Вот только страха перед этим гигантским крабом на куриных ногах у меня больше не было ни грамма. Ведь если он настолько разумен, чтобы за кого-то отвечать, значит, жрать точно не станет. Да и побоится гнева хозяина, без лишних объяснений понятно, что наказания в этом прекрасном дворце намного суровей, чем просто выговор.
Усевшись на стоящий у стены диванчик, пытаюсь хоть немного разобраться в ситуации. Пока непонятно, к худу или к добру я расшифровалась, но что хозяину от меня что-то нужно – это несомненно. Теперь моя главная задача – понять, что же именно. И при возможности постараться не лохануться, если будет хоть какой-то шанс выторговать себе жизнь, а еще лучше и свободу.
В дверь что-то громко стукнуло, я машинально крикнула: «Да!» Но стук повторился еще и еще… и наконец стало понятно – никто к нам не стучится, это к двери прибивают засов.
Забравшись с ногами на меховое покрывало, поудобнее подталкиваю под голову рюкзак и устало закрываю глаза. Если бы заранее знала, чем закончится побег от тетки, заперла бы изнутри все двери в доме и ключи в форточку выбросила.
«Интересно, а кушать тут когда-нибудь дают?» – мелькнула напоследок грустная мысль, и сон накрыл меня тревожной темнотой.
– Щас я встану… и все сделаю… еще одну минуточку… всего одну… – бормочу, не открывая глаз и стараясь натянуть одеяло на голову. – Ну теть, вот честное слово… уже встала.
Тетка, как обычно, ни на миг не поверила моим обещаниям и решительно сдернула одеяло.
– Ну тетка… – жмурясь от света и поджимая под себя ноги, обиженно заныла я. – Ну имей совесть!.. Всего минуточку, и я как штык подою твою Зорьку!

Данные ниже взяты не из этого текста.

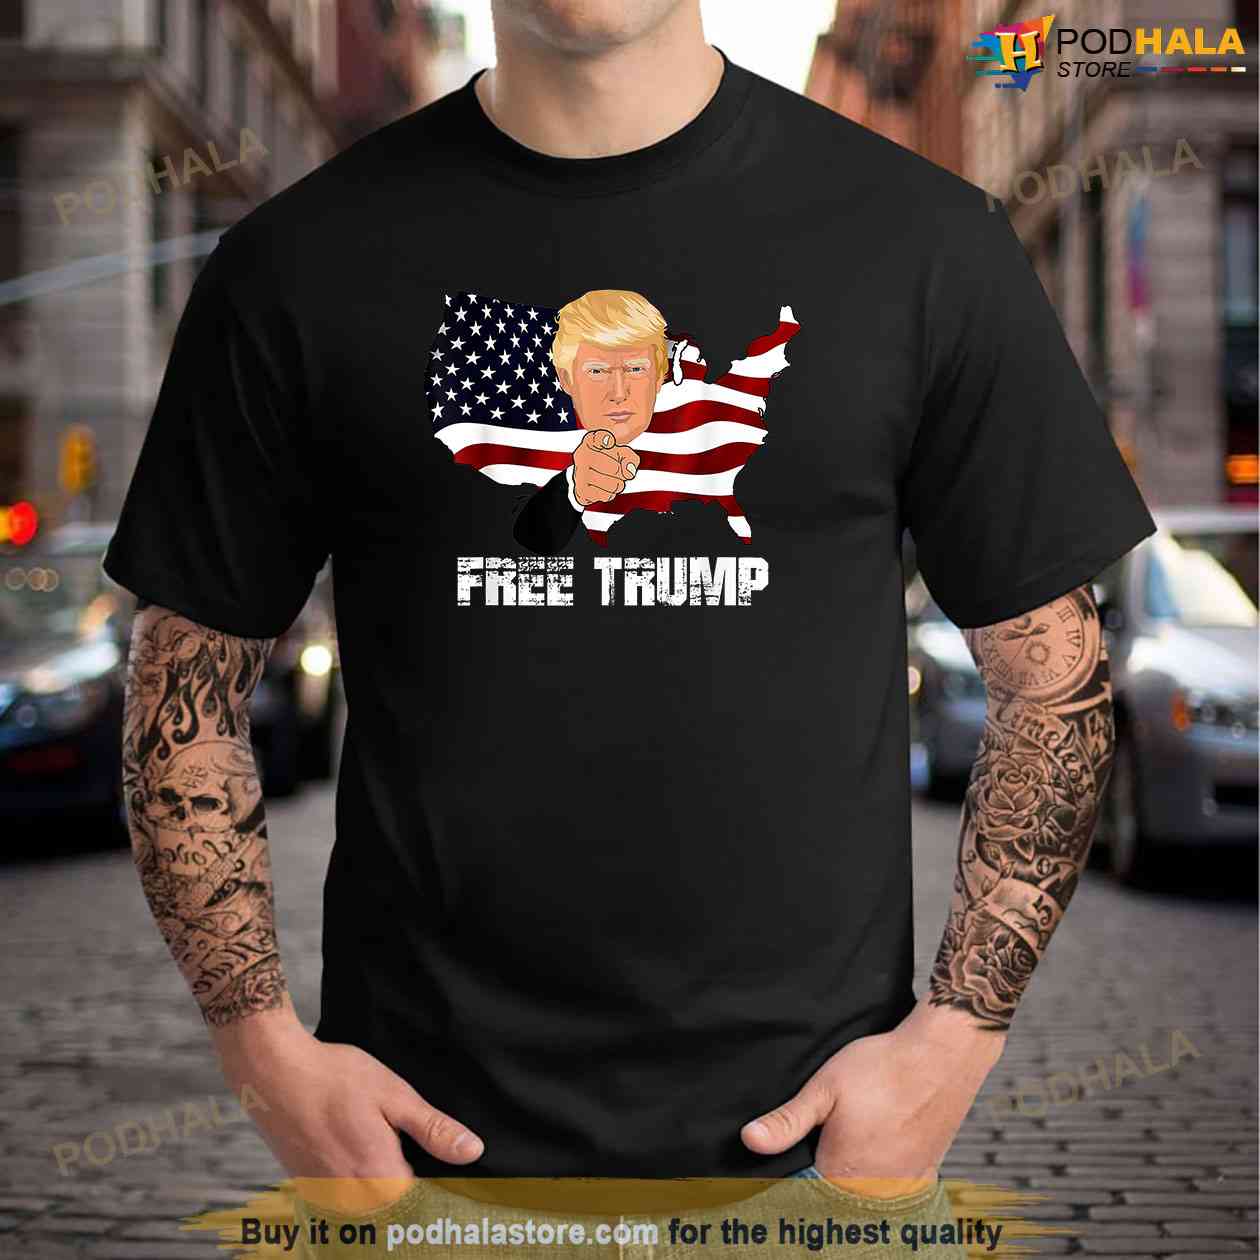 kravle Kænguru Globus Free Donald Trump T-Shirt, American Flag Free Trump Shirt - Bring Your  Ideas, Thoughts And Imaginations Into Reality Today

Тетка зашипела рассерженной змеей и дернула за штанину. Еще до конца не проснувшись, автоматически отдергиваю ногу и слышу подозрительный треск.
Сон как рукой сняло. Распахиваю глаза и обнаруживаю нависшую надо мной зубастую пасть Фуссо. Перевожу взгляд дальше, проверить, что же все-таки трещало… Ну ничего себе сюрпризик! Одна штанина почти новых джинсов снизу словно ножом разрезана.
– Что ж ты, скотина, творишь?! – напустилась я на монстра, не обращая никакого внимания на его страшную клешню, болтающуюся перед моим лицом. – Ты знаешь, что я на эти джинсы почти год деньги откладывала?! А теперь их можно выбросить! Разрезы, конечно, – модно, но не там! Ну за каким колобком ты меня вообще будил? Хозяин, что ли, велел?
Фуссо зашипел еще сильнее, словно злится на что-то, уродина. И если мне не почудилось, то вроде как зовет непонятно куда.
– Ну ладно, что там у тебя? – бурчу с досадой, втискивая ноги в кроссовки. – Показывай.
Нет, с мозгами у этой скотины точно не все в порядке. Только подумать, он рубашку, которой я полы мыла, на кровать притащил и на меховом одеяле, или как оно называется, разложил! И теперь сердито на меня шипит, клешней над этой тряпкой размахивая.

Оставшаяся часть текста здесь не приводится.